In article <f90pp-1709951457250001@perper.dial.matfys.lth.se>, f90pp@matfys.lth.se (Per Persson) writes:
|> ...
|> In real life however, you are always dealing with noisy data-sets and
|> an input signal that is i'(n)=i(n)+G(0,sigma), where G represent some
|> noise with zero mean and a variance sigma. The output from the net then
|> becomes o'=o(i(1)+G(0,sigma)...i(n)+G(0,sigma)). The target of course has
|> the same behaviour and t'=t+G(0,sigma). Then the error becomes
|> e'=(t'-o').

That is called an "errors-in-variables" or "measurement error" model.
See Fuller, W.A. (1987), Measurement Error Models, New York: John Wiley
& Sons, for methods to estimate the noise-free relationship.

If, as is usually the case, you are going to want to make predictions
from noisy inputs, as well as train on noisy inputs, then the input
noise is ignorable, and you need not worry about errors-in-(input)variables.
You can simply apply the usual statistical regression models.

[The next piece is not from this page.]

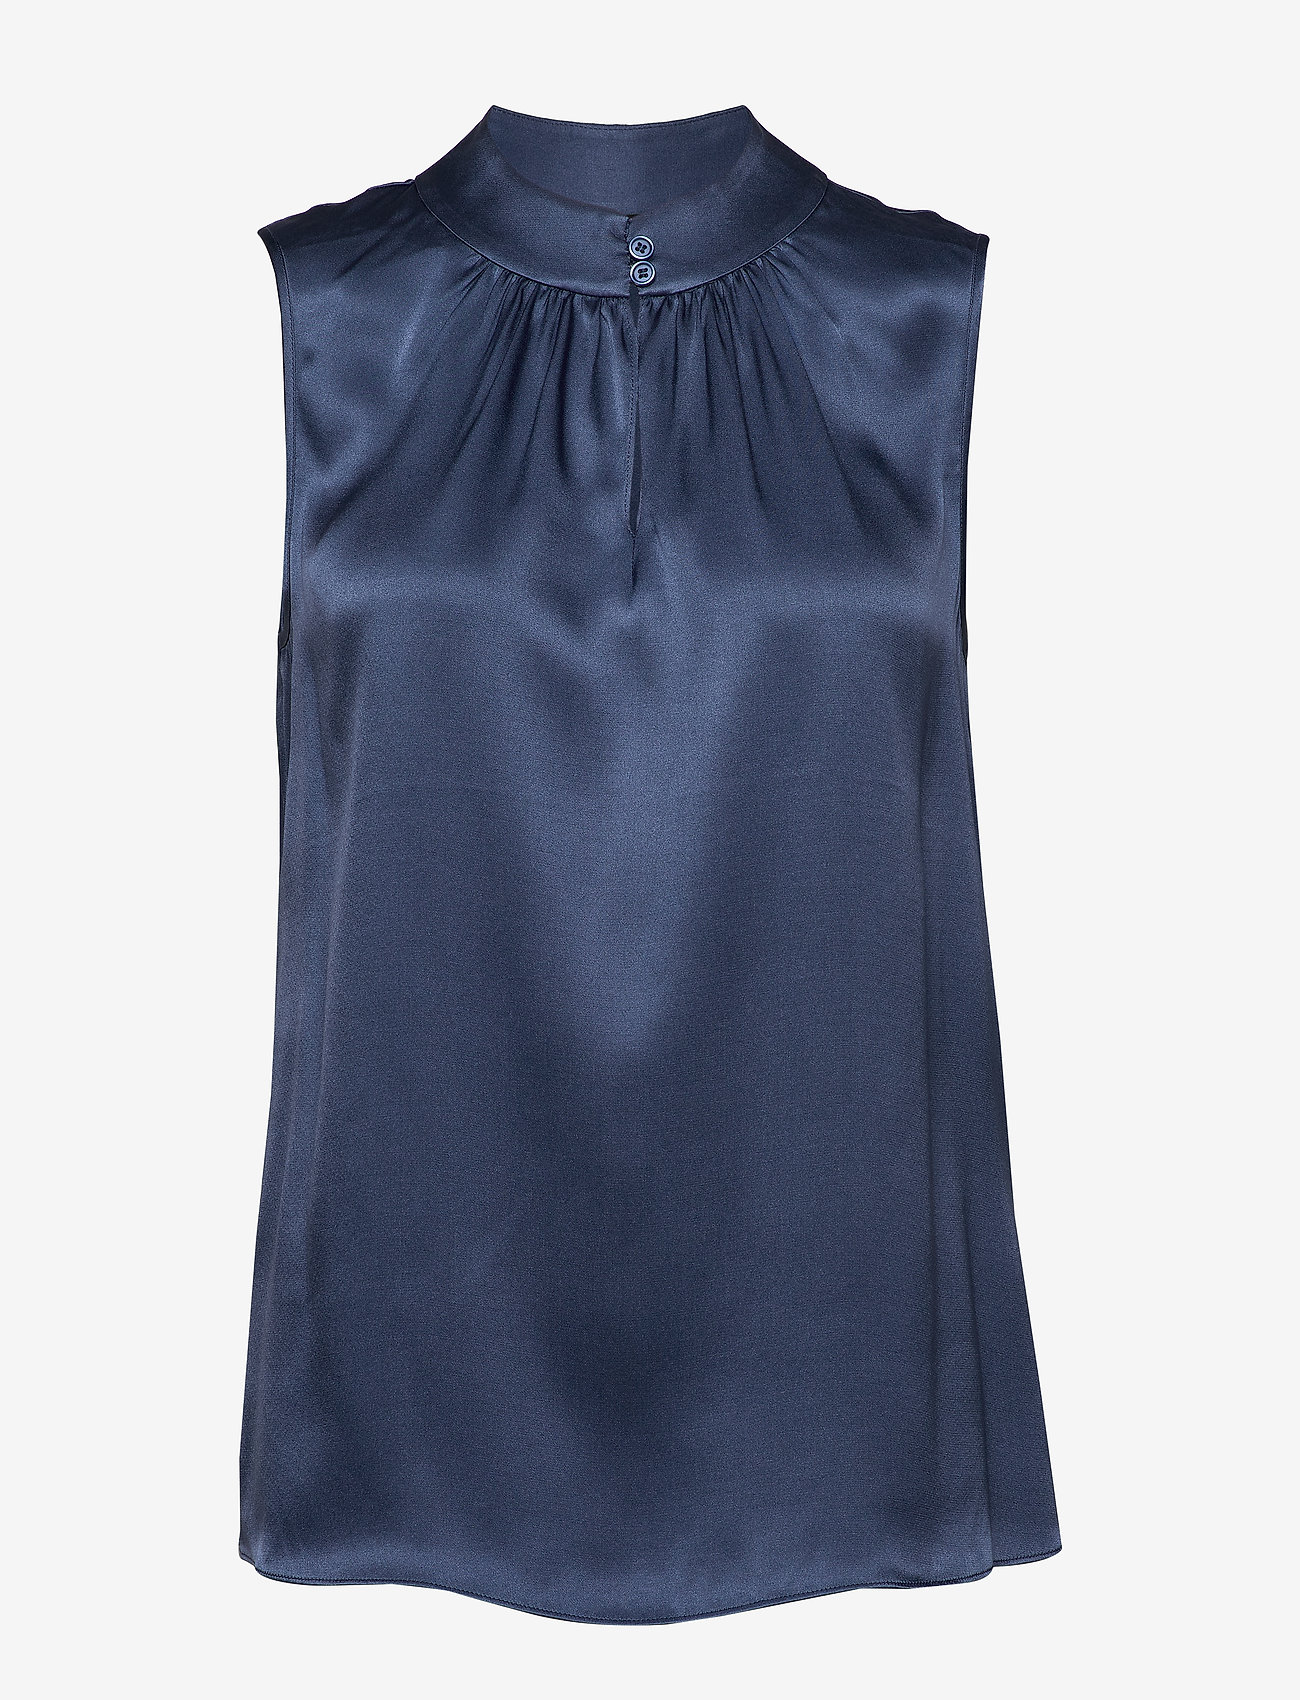 SAND - Double Silk - Prosi Top - blouses zonder mouwen - medium blue - 0

|> To me this indicates that knowlege of the function G could provide
|> "rules of thumb" to what kind of error-function to choose and also when
|> to stop training a net.

Knowledge of G does not simply provide rules of thumb, it provides
specific estimators with various optimality properties, such as
maximum likelihood and Bayesian estimators. This is what statistics
is about (rather than baseball scores). See, for example:

   Cramer, J. S. (1986) Econometric Applications of Maximum Likelihood
   Methods, Cambridge University Press: Cambridge.

   Edwards, A.W.F (1972) Likelihood, Cambridge Univ Press: Cambridge.

   Gallant, A.R. (1987) Nonlinear Statistical Models, Wiley: NY.

   McCullagh, P. and Nelder, J.A. (1989) Generalized Linear Models,
   2nd ed., Chapman & Hall: London.

   Ross, G.J.S. (1990) Nonlinear Estimation, Springer-Verlag: NY.

One can also devise methods that are efficient for a wide class of
noise distributions. See, for example:

   Hoaglin, D.C., Mosteller, F., and Tukey, J.W., eds. (1983),
   Understanding Robust and Exploratory Data Analysis, NY: Wiley.

   Peter J. Huber (1981), Robust Statistics, NY: Wiley.


|> 1) the update function should take the shape of the noise into account,
|> not updating if the error falls within bounds given (indirectly) by G.
|>
|> 2) training should stop when performance falls within bounds given by G

Here, I'm afraid, your intuition has led you seriously astray. To see
why, take an introductory class in mathematical statistics.

-- 

Warren S. Sarle       SAS Institute Inc.   The opinions expressed here
saswss@unx.sas.com    SAS Campus Drive     are mine and not necessarily
(919) 677-8000        Cary, NC 27513, USA  those of SAS Institute.